DATA EXCERPT
|---|
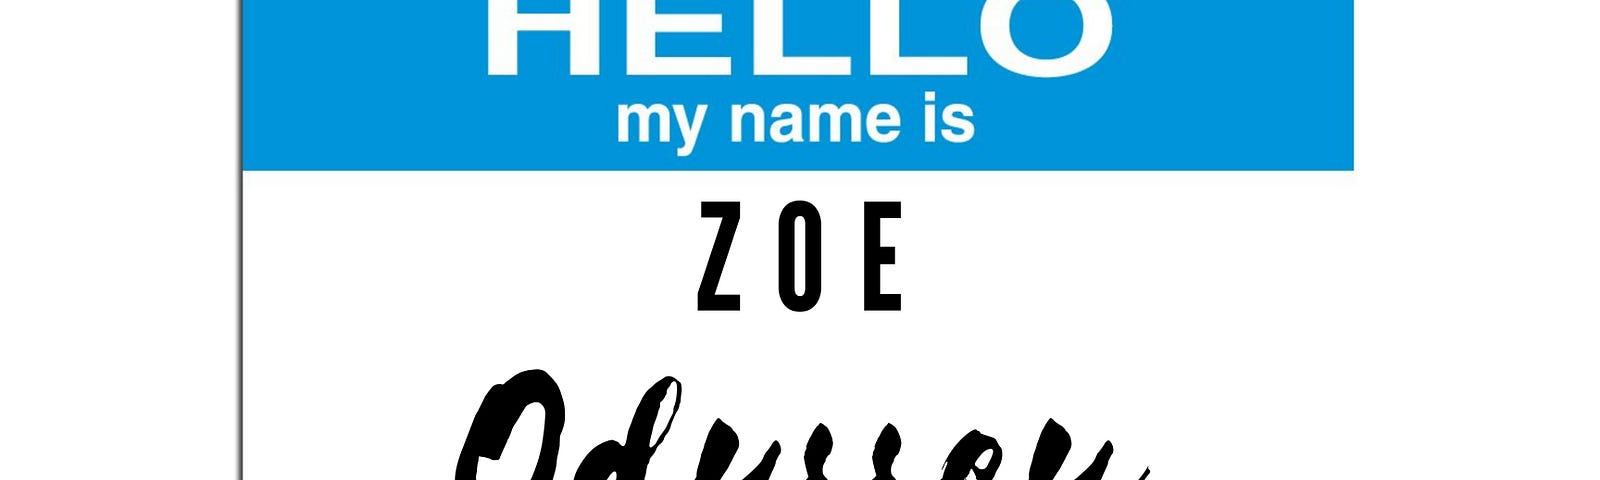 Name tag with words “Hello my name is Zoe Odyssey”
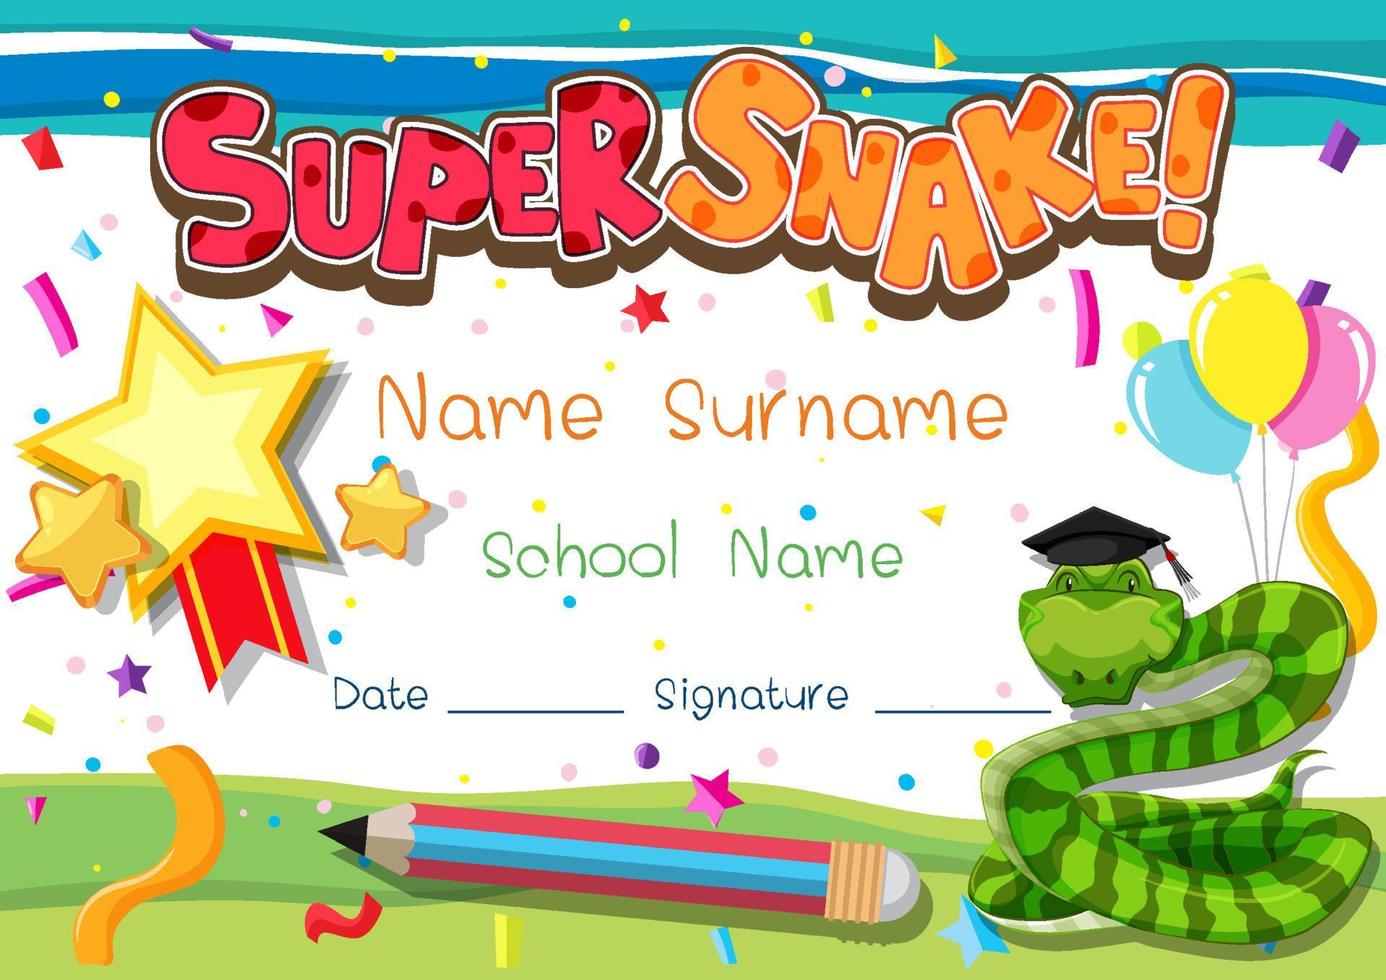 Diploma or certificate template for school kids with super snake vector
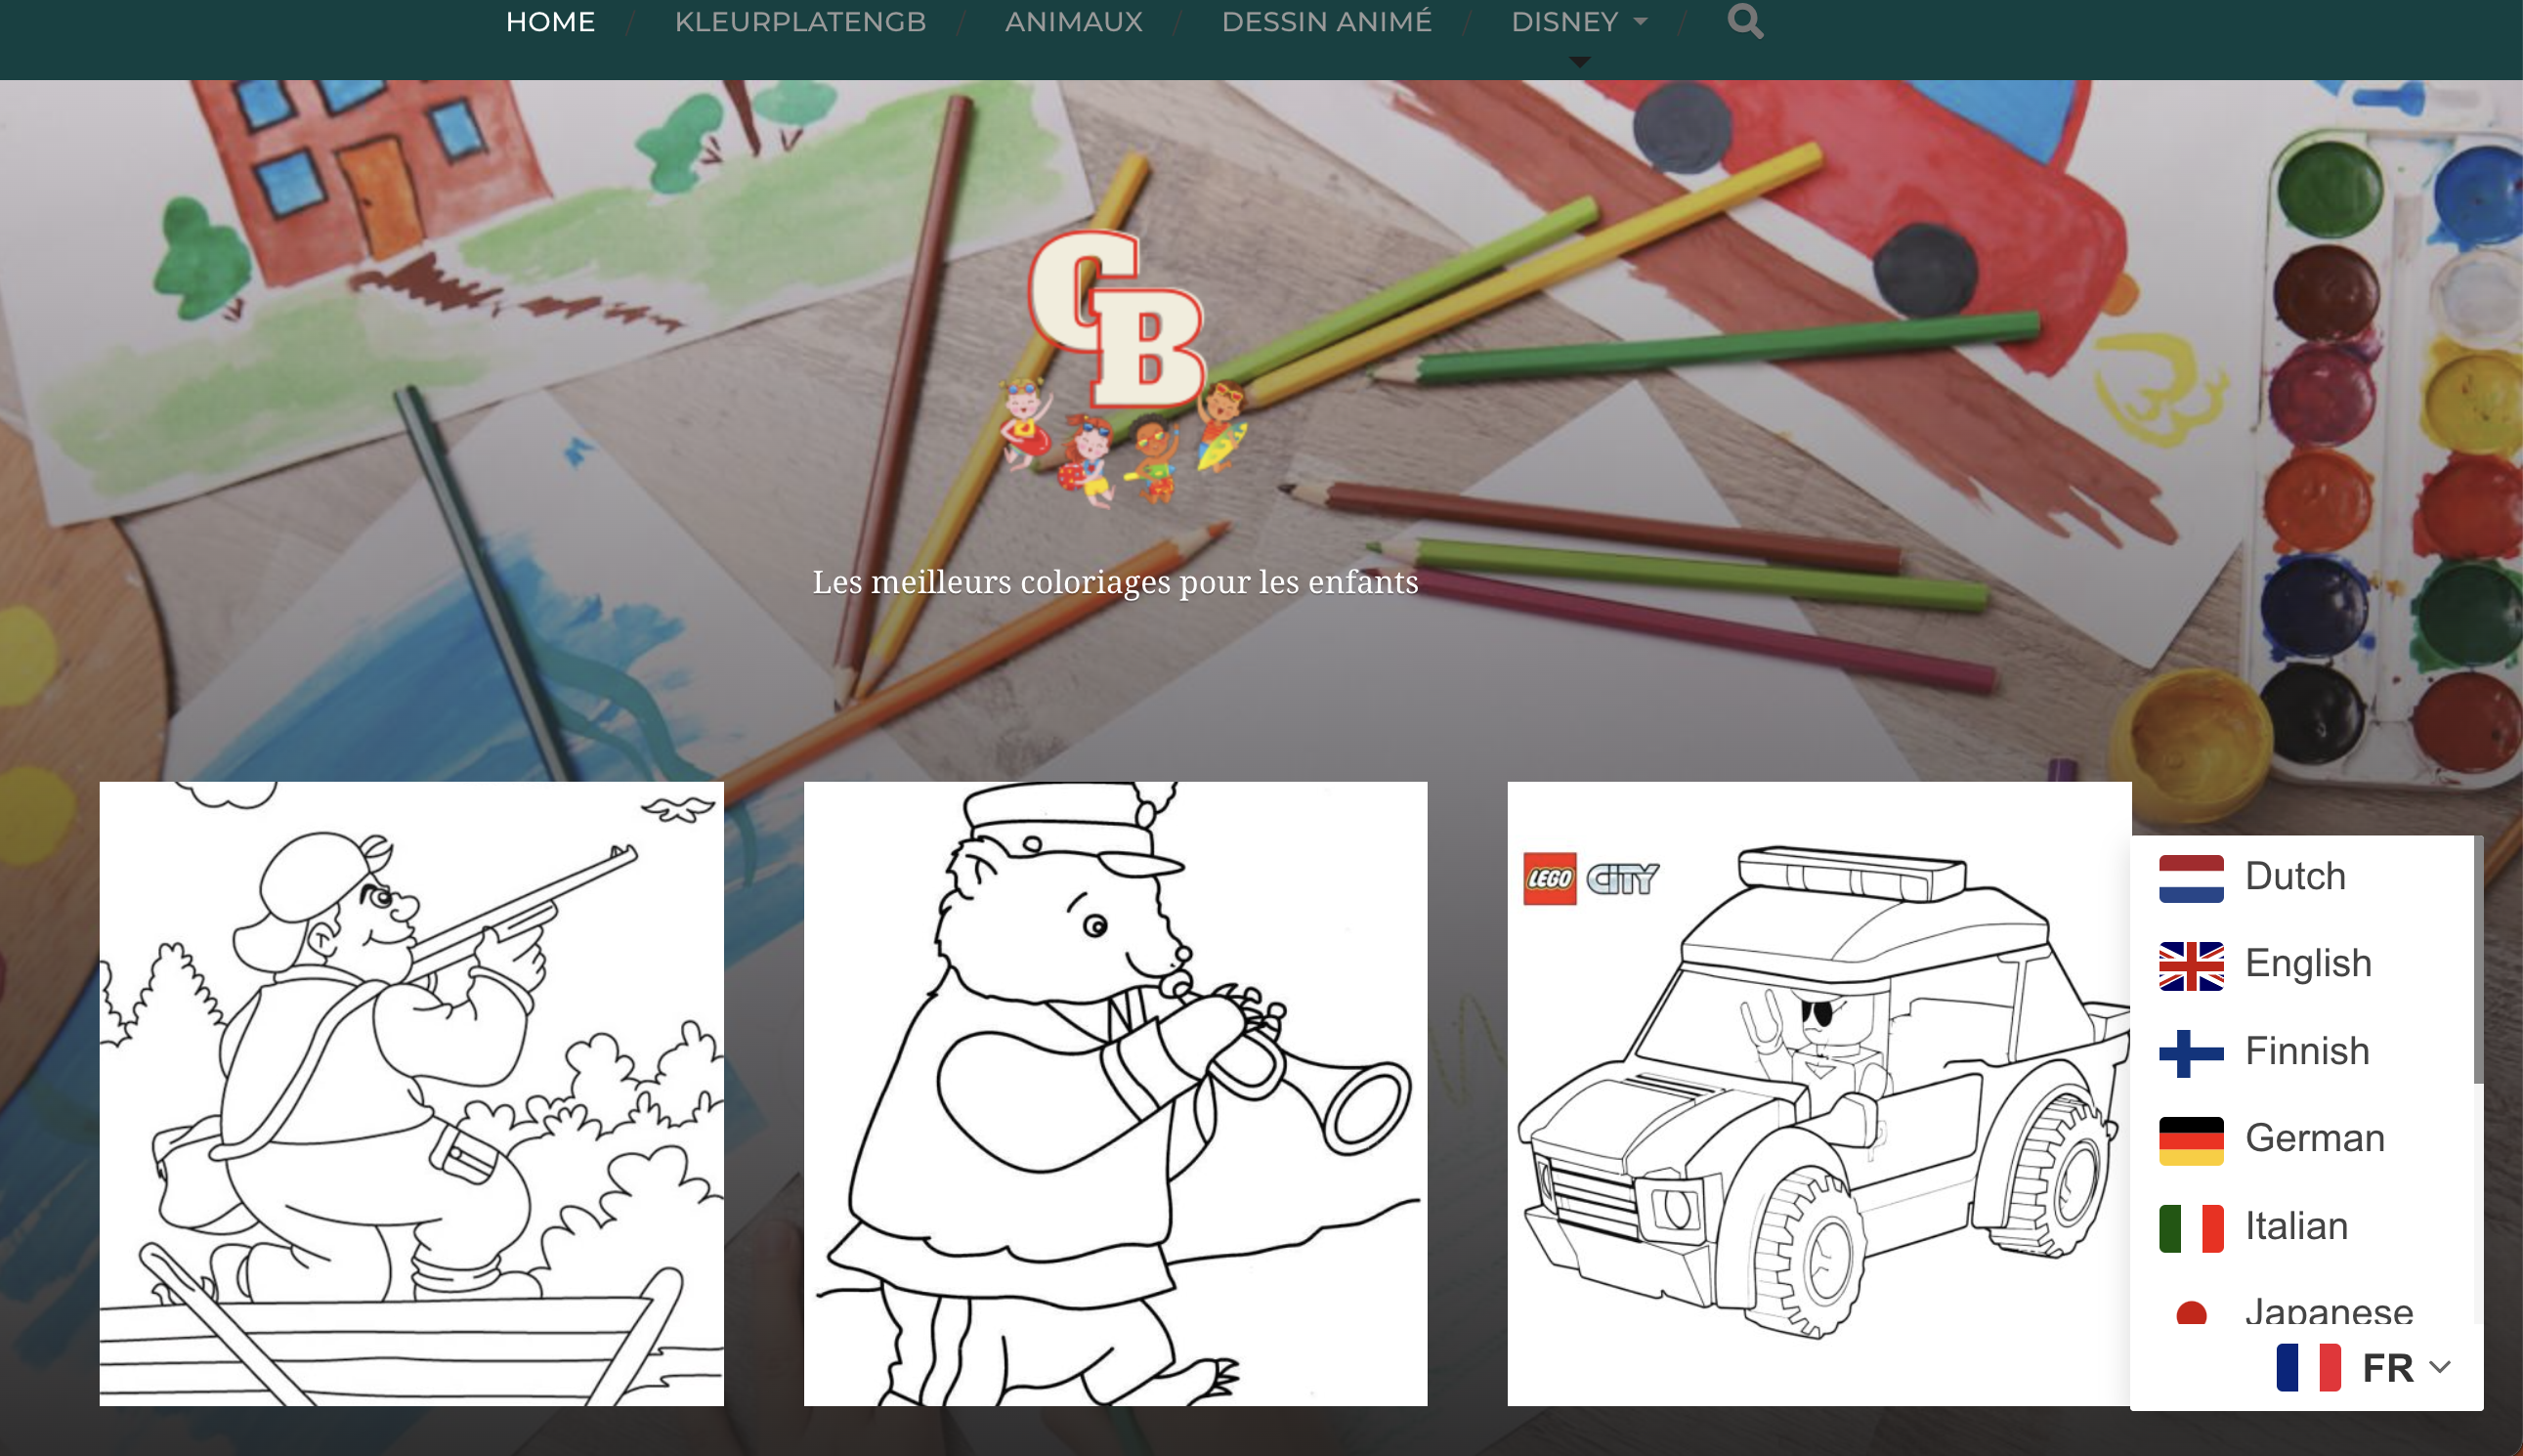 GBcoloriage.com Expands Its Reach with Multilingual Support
|---|
Transcribe the whole listing exactly as it stands, apart from the pictures.

EXERCISE OUTPUT
 Name tag with words “Hello my name is Zoe Odyssey”
 Diploma or certificate template for school kids with super snake vector
 GBcoloriage.com Expands Its Reach with Multilingual Support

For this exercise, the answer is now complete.